We have not found where insurer raised this point of nonjoinder in the trial court, but the point may, nevertheless be raised on appeal.

"The general rule in a court of equity is that all persons having a material interest, legal or equitable, in the subject matter of a suit, must be made parties, either as plaintiffs or defendants. The rule proceeds on the principle that no man's rights should be controverted in a court of justice unless he has full opportunity to appear and vindicate them; and further, that complete justice may be done and future litigation avoided, the performance of the decree being safe, because of the presence in court of all parties who have an interest in its subject matter. The general rule further is that if a bill is defective for the want of proper parties, advantage should be taken of the defect by plea, demurrer, or answer, and if not so taken, the objection is waived. The rule is subject to the exception that if a cause cannot be properly disposed of, on the merits, without the presence of the absent parties, the objection may be made at the hearing, or on error, it may be taken by the court ex mero motu. Prout v. Hoge, 57 Ala. 28. See also: Batre v. Auze's Heirs, 5 Ala. 173; McMaken v. McMaken, 18 Ala. 576; Woodward v. Wood, 19 Ala. 213; McCully v. Chapman, 58 Ala. 325; Watson v. Oates, 58 Ala. 647; Amann v. Burke, 237 Ala. 380, 186 So. 769; Matthews v. Matthews, 247 Ala. 472, 25 So. 2d 259; Garrison v. Kelly, 257 Ala. 105, 57 So. 2d 345." Rollan v. Posey, 271 Ala. 640, 645, 126 So. 2d 464, 468.

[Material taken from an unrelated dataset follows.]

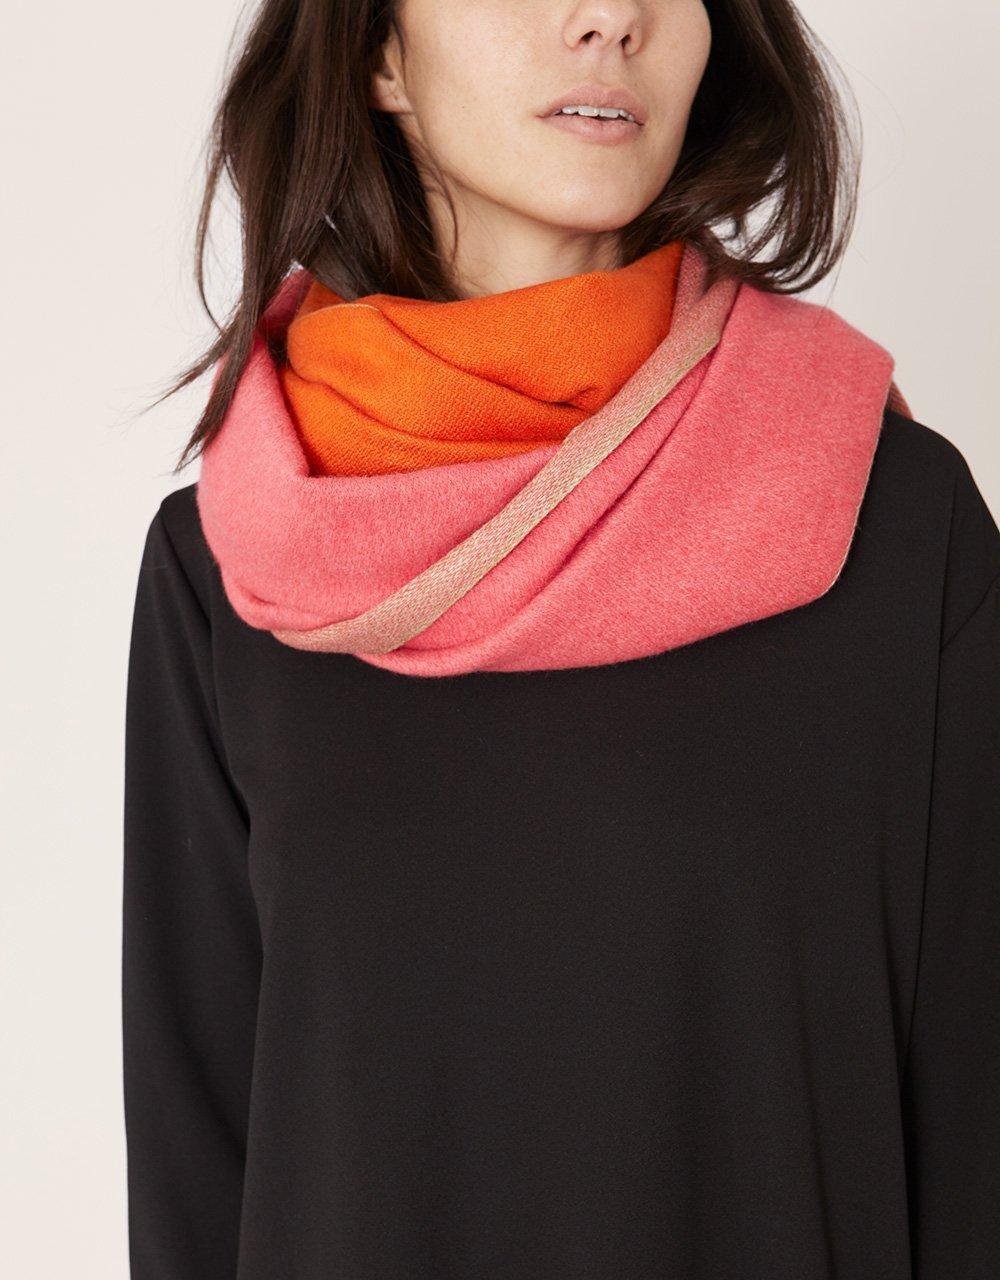 foulard02a

In a suit under § 12, Title 28, this court has decided that the insured is a "necessary party" under the rule that all persons having a material interest in the litigation, or who are legally or beneficially interested in the subject matter of the suit and whose rights or interests are sought to be concluded thereby, are necessary parties. Insurance Company of North America v. Davis, 274 Ala. 541, 543, 150 So. 2d 192.

For failure to join insured as a party, the decree is reversed and the cause remanded.

Appellant had knowledge of the non-joinder, and, not having made this objection in the trial court, is in fault and must pay one-half the costs of this appeal and appellee the remainder. Prout v. Hoge, supra; Rollan v. Posey, supra.

Reversed and remanded.

LIVINGSTON, C. J., and LAWSON and GOODWYN, JJ., concur.